這裏是E的矢量化版本。它取代了for-loop和標量運算與NumPy broadcasting和基於陣列的算術:
def alt_E(x):
x = x[:, None]
z = pi * (np.exp(-lamb) * (lamb**x))/special.factorial(x)

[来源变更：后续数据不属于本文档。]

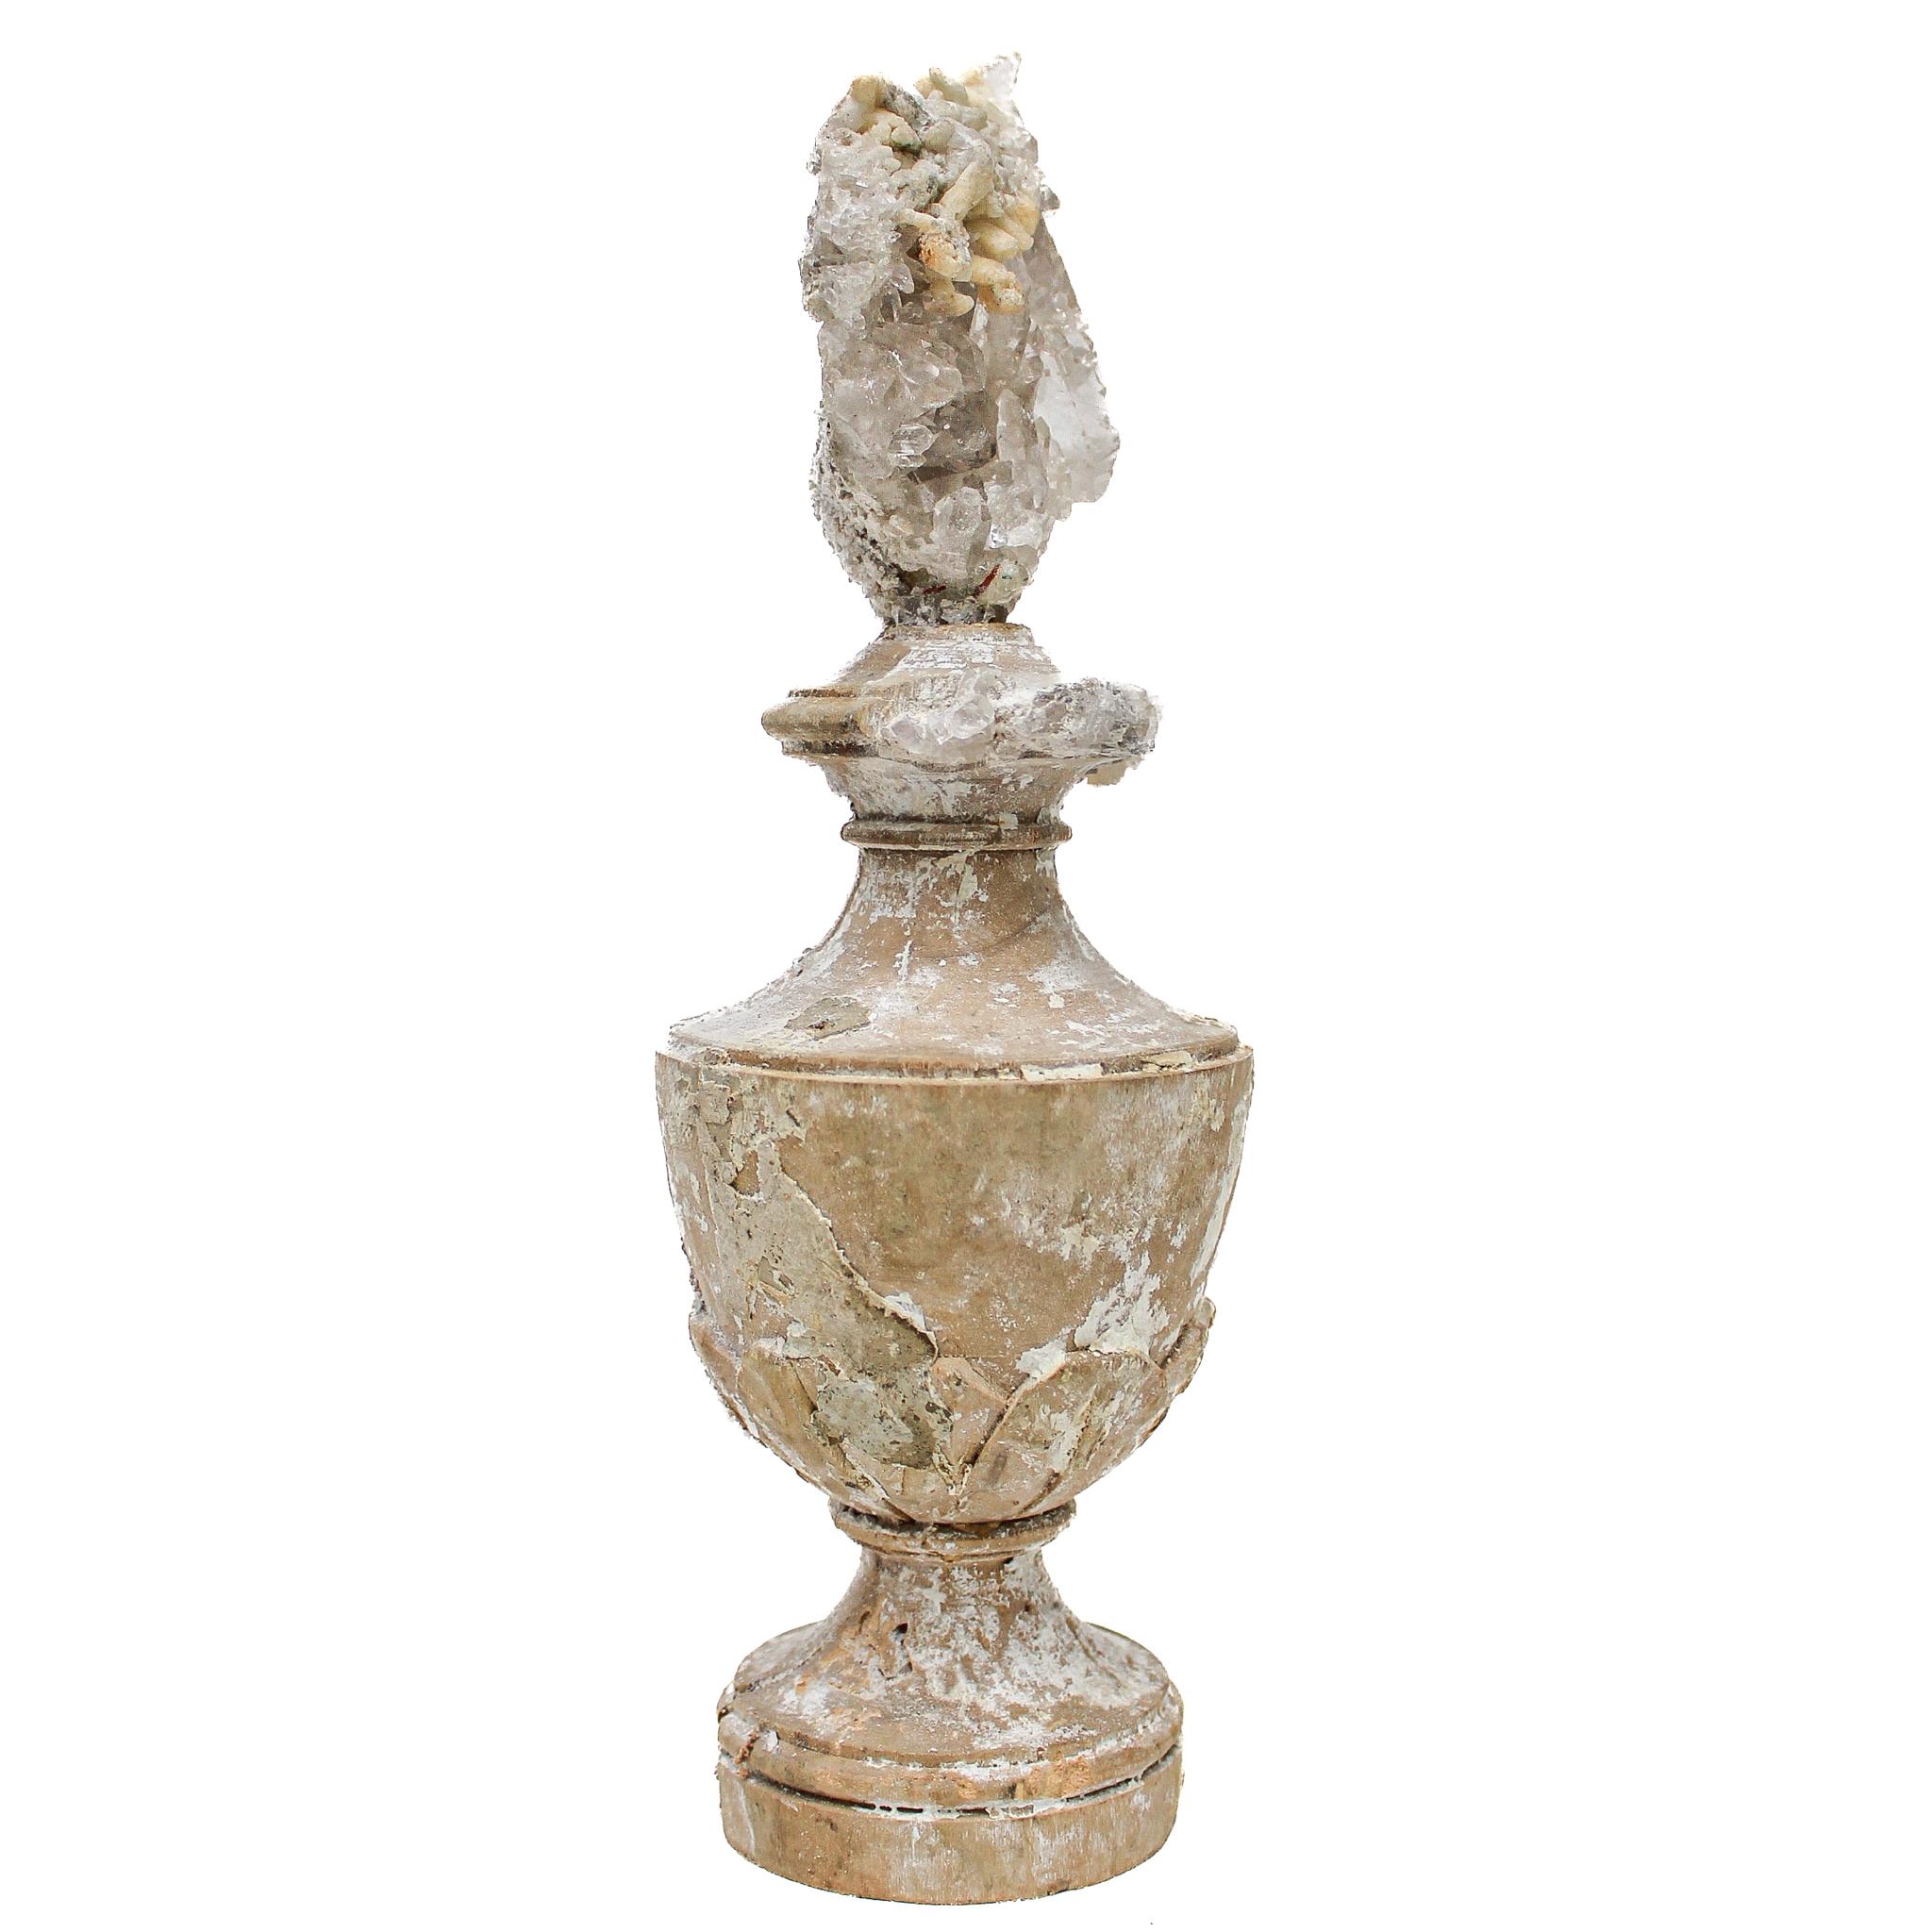 Hand-Carved 17th Century 'Florence Fragment' Vase with a Crystal Quartz Cluster with Calcite

denom = z.sum(axis=1)[:, None]
z /= denom
return z
我跑em.py獲得意義的x,lamb,pi,n和k的典型大小。在這種規模的數據, alt_E約120倍比E快:
In [32]: %timeit E(x)
100 loops, best of 3: 11.5 ms per loop
In [33]: %timeit alt_E(x)
10000 loops, best of 3: 94.7 µs per loop
In [34]: 11500/94.7
Out[34]: 121.43611404435057
這是我使用的基準設置:
import math
import numpy as np
import scipy.special as special
def alt_E(x):
x = x[:, None]
z = pi * (np.exp(-lamb) * (lamb**x))/special.factorial(x)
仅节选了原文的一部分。